Он мысленно протянул тень своей руки к животу лежащего без сознания человека и уже нащупал в его горячих и пульсирующих недрах комок холодной стали, когда заметил, что Гринберг не отзывается. Это разозлило его.

- Доктор Гринберг! – крикнул он, - Имейте в виду, что отказ от врачебной помощи я могу расценивать не просто как манкирование вашими служебными обязанностями, а как самый откровенный саботаж!

- Возможно, господин лебенсмейстер, - голос Гринберга показался Виттерштейну удивительно безжизненным, - Возможно. Но прежде, чем вы продолжите операцию, я настоятельно советую вам взглянуть на это.

Виттерштейн раздраженно обернулся от операционного стола. Гринберг держал в руках листок грязно-белой бумаги, который, судя по всему, вытащил из кармана тоттмейстерского кителя. Обычный листок из тех, что носят в планшетных сумках офицеры – какое-нибудь донесение или депеша, Виттерштейн мало интересовался военной формалистикой.

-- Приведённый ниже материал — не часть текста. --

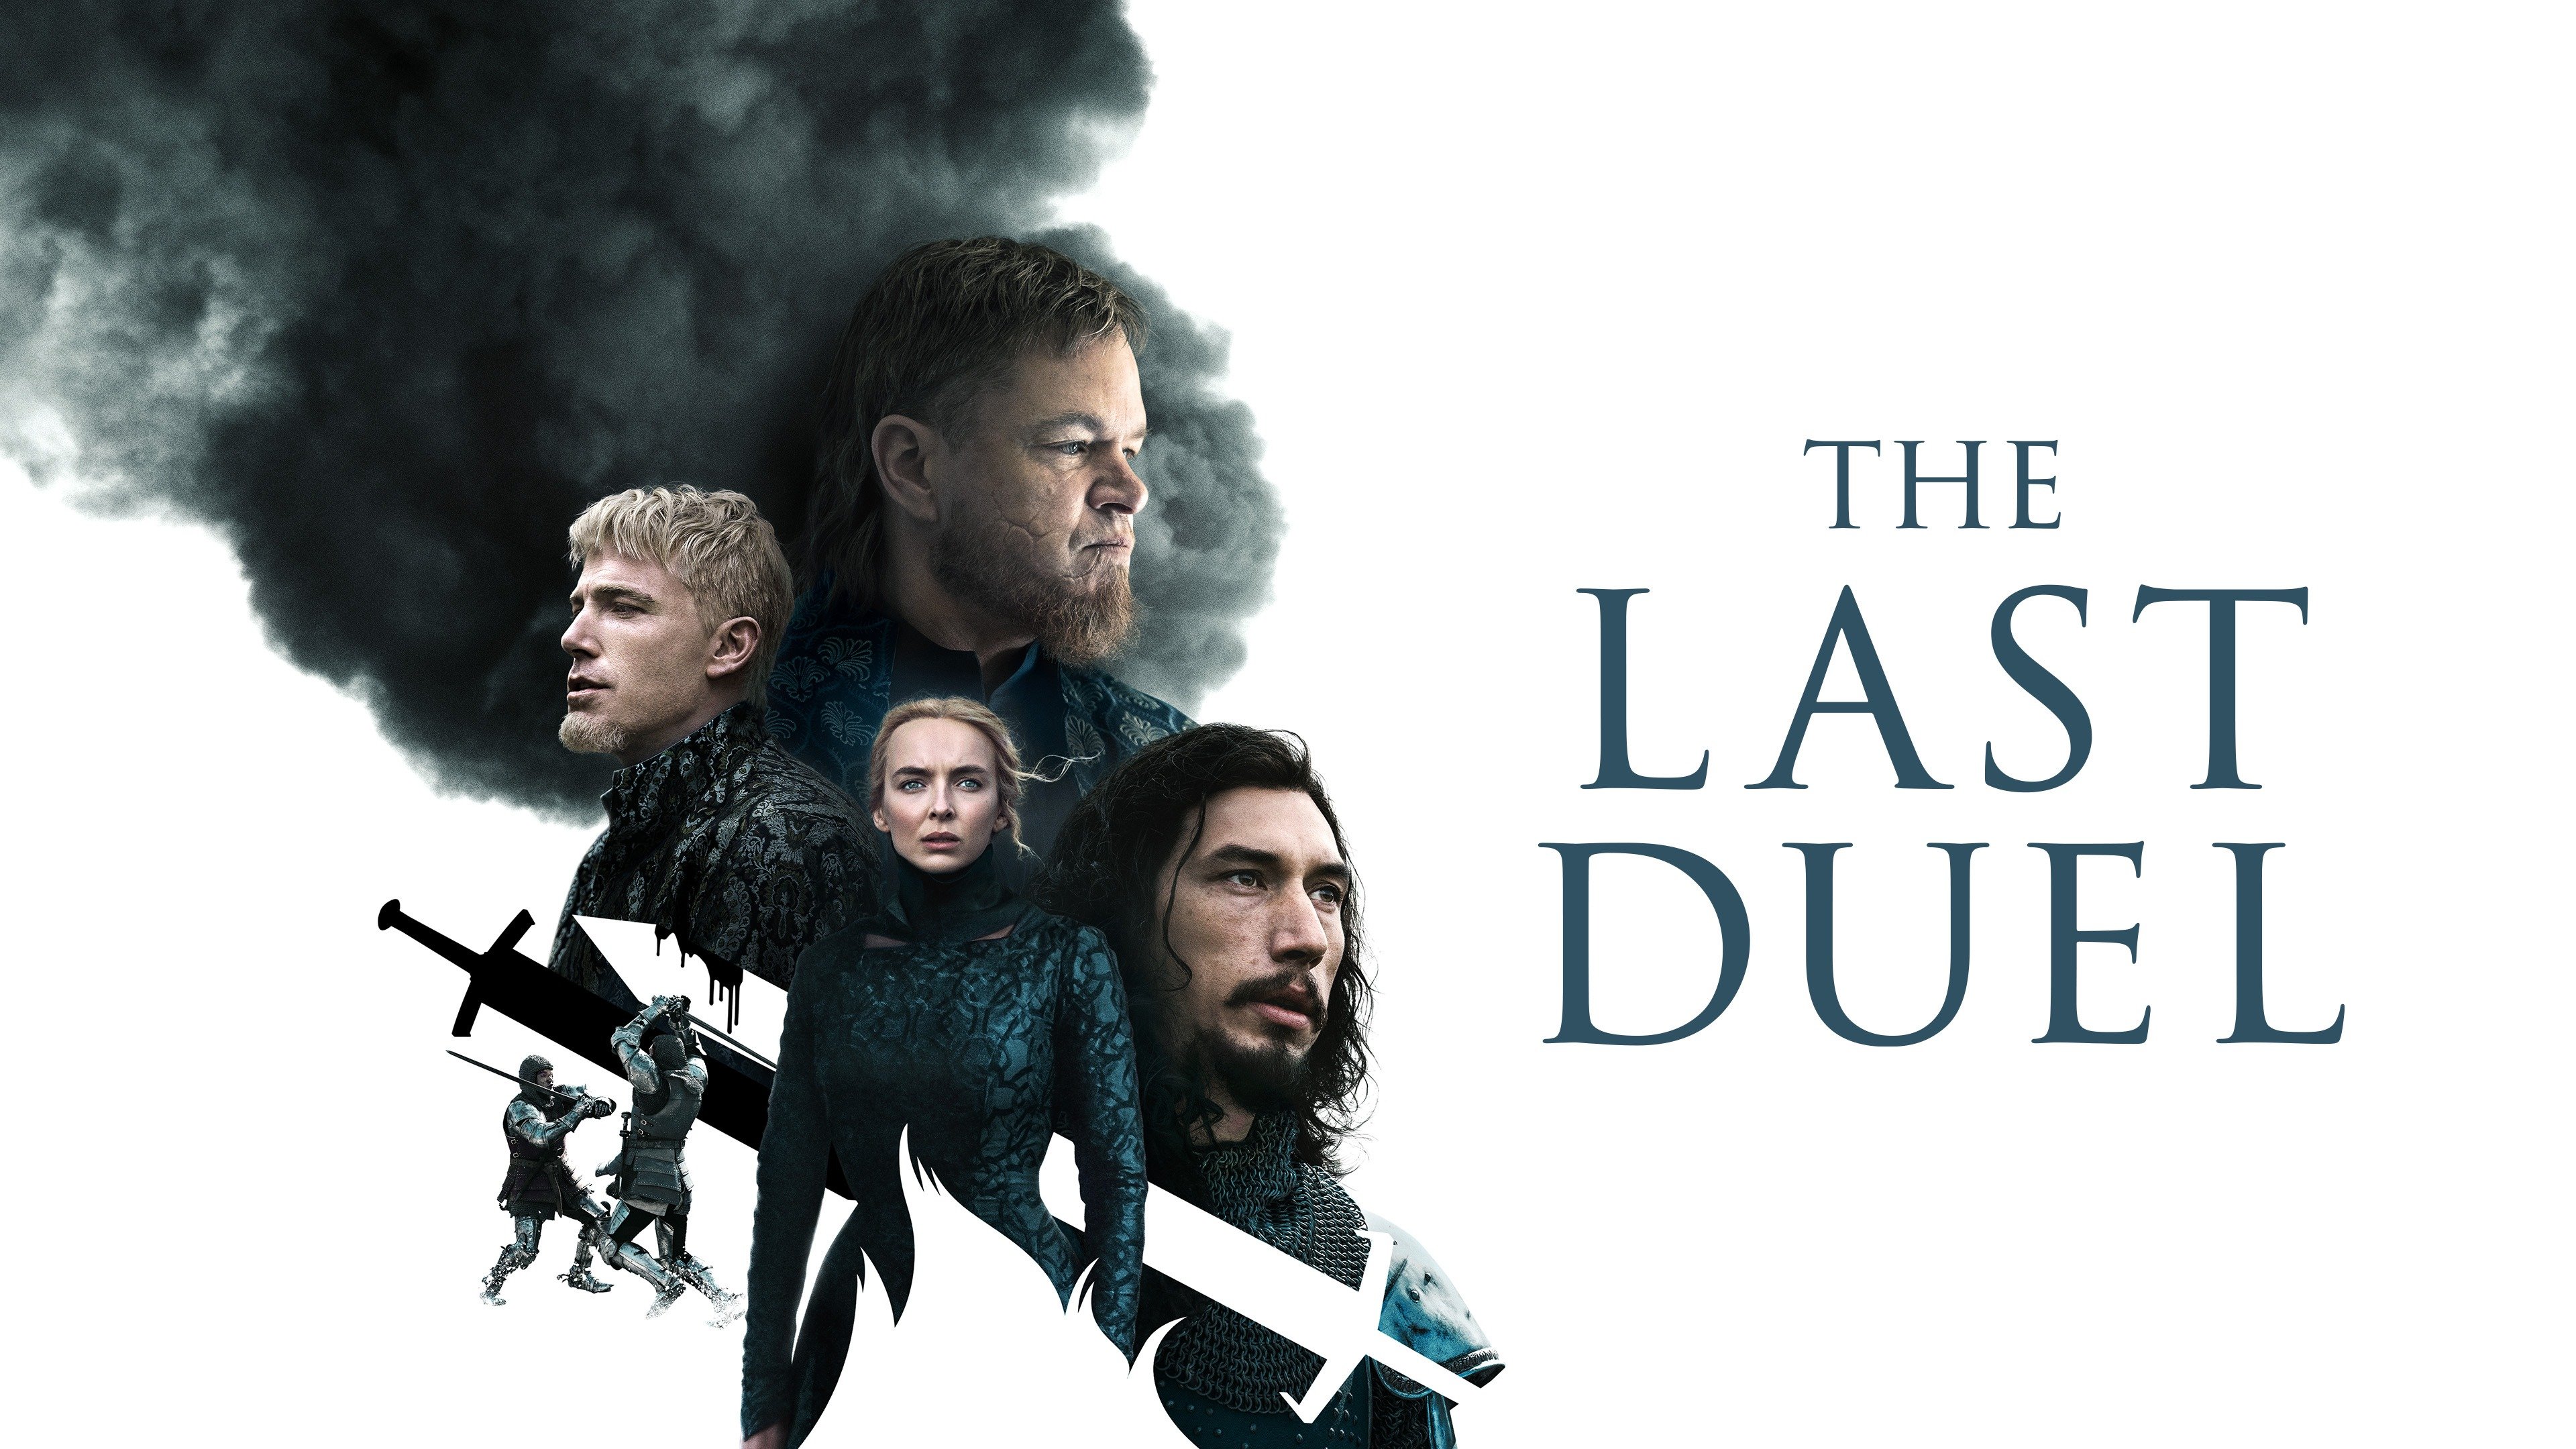 The Last Duel - Exclusive Behind the Scenes Clip (2021) Matt Damon, Adam  Driver 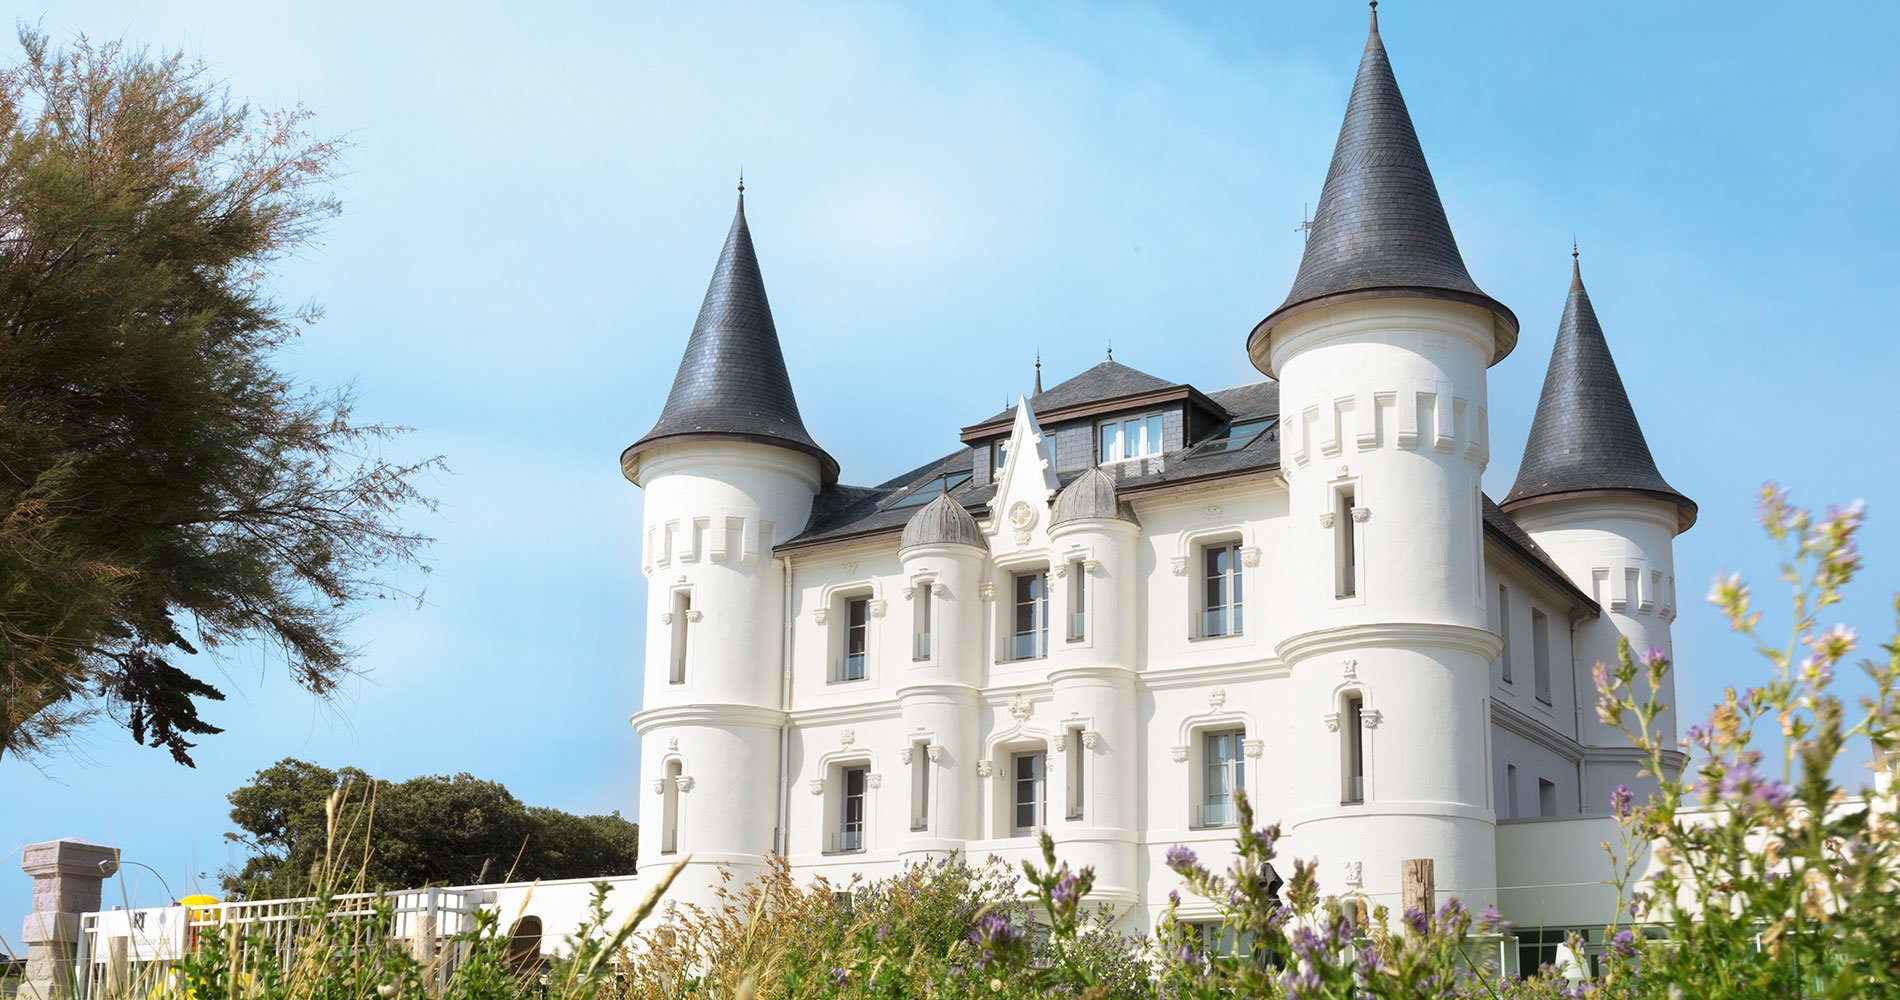 luxury hotel Château des Tourelles Hôtel 4 stars Thalasso Spa La Baule France facade

- Если вы думаете, что у меня есть время читать корреспонденцию, когда на столе умирает человек…

- Взгляните.

Гринберг сказал это таким тоном, что Виттерштейн, забыв про раздражение, взял листок. Несколько отбитых на печатной машинке строк, смазанных, как бывает с депешами, которые сложили и долго носили в кармане. «…предписано совершить…», «приказываю на месте начать», «по результатам мобилизационных действий…». Что за чертовщина?

Уставший взгляд Виттерштейна скользнул в самый верх листа и резком электрическом свете разглядел то, что сразу показалось странным, но не сразу дошло до мозга. Вместо коронованного кайзеровского орла бумагу украшало другое изображение. Две скрещенные кости, старый флибустьерский символ. Но под ними располагалось лаконичное: «Орден Тоттмейстеров. Западный оперативный штаб».

- Приказ какой-то, - буркнул Виттерштейн, уже испытывая отвращение к документу, - Чего вы от меня хотите, доктор Гринберг?

- Да прочитайте же! Читайте его!

Виттерштейн стал читать. Поплывшие угольные строки с острыми углами походили на запчасти пулемета, сложенные в хаотическом порядке. Смысл впитывался в мозг медленно, точно тот был обложен проспиртованной ватой.

«С получением данного приказа предлагается вам немедленно направиться в расположение двести пятого пехотного полка в пяти километрах от Монса. В связи с тем, что полку предписано совершить контратаку на укрепленные английские позиции, вероятность захвата которых оценивается как минимальная, приказываю на месте начать формирование штурмовой роты Чумного Легиона численностью до двухсот единиц под вашим руководством, используя новообразованный ресурс. По результатам мобилизационных действий немедленно известить Оперативный штаб шифрограммой или же с помощью люфтмейстера надлежащего уровня доступа…»

Гринберг сам походил на мертвеца – глаза мгновенно запали, но внутри них зажегся огонек сродни дрожащему огоньку солдатской керосиновой лампы.

- Вы поняли, господин лебенсмейстер? Вот его работа. Наш полк отправили на штурм с «минимальной вероятностью»! А его прислали подбирать себе мертвецов! Формировать свою гнилую гвардию из тех, кто полег сегодня! Вот он кто такой! Падальщик! Смертоед!

Виттерштейн скомкал листок. Непроизвольно вышло, просто пальцы сомкнуло в спазме.

- Вы имеете в виду, что вот так вот… Позвольте… - как душно тут, под землей, как отвратительно пахнет, - Что они вот так вот… Намеренно…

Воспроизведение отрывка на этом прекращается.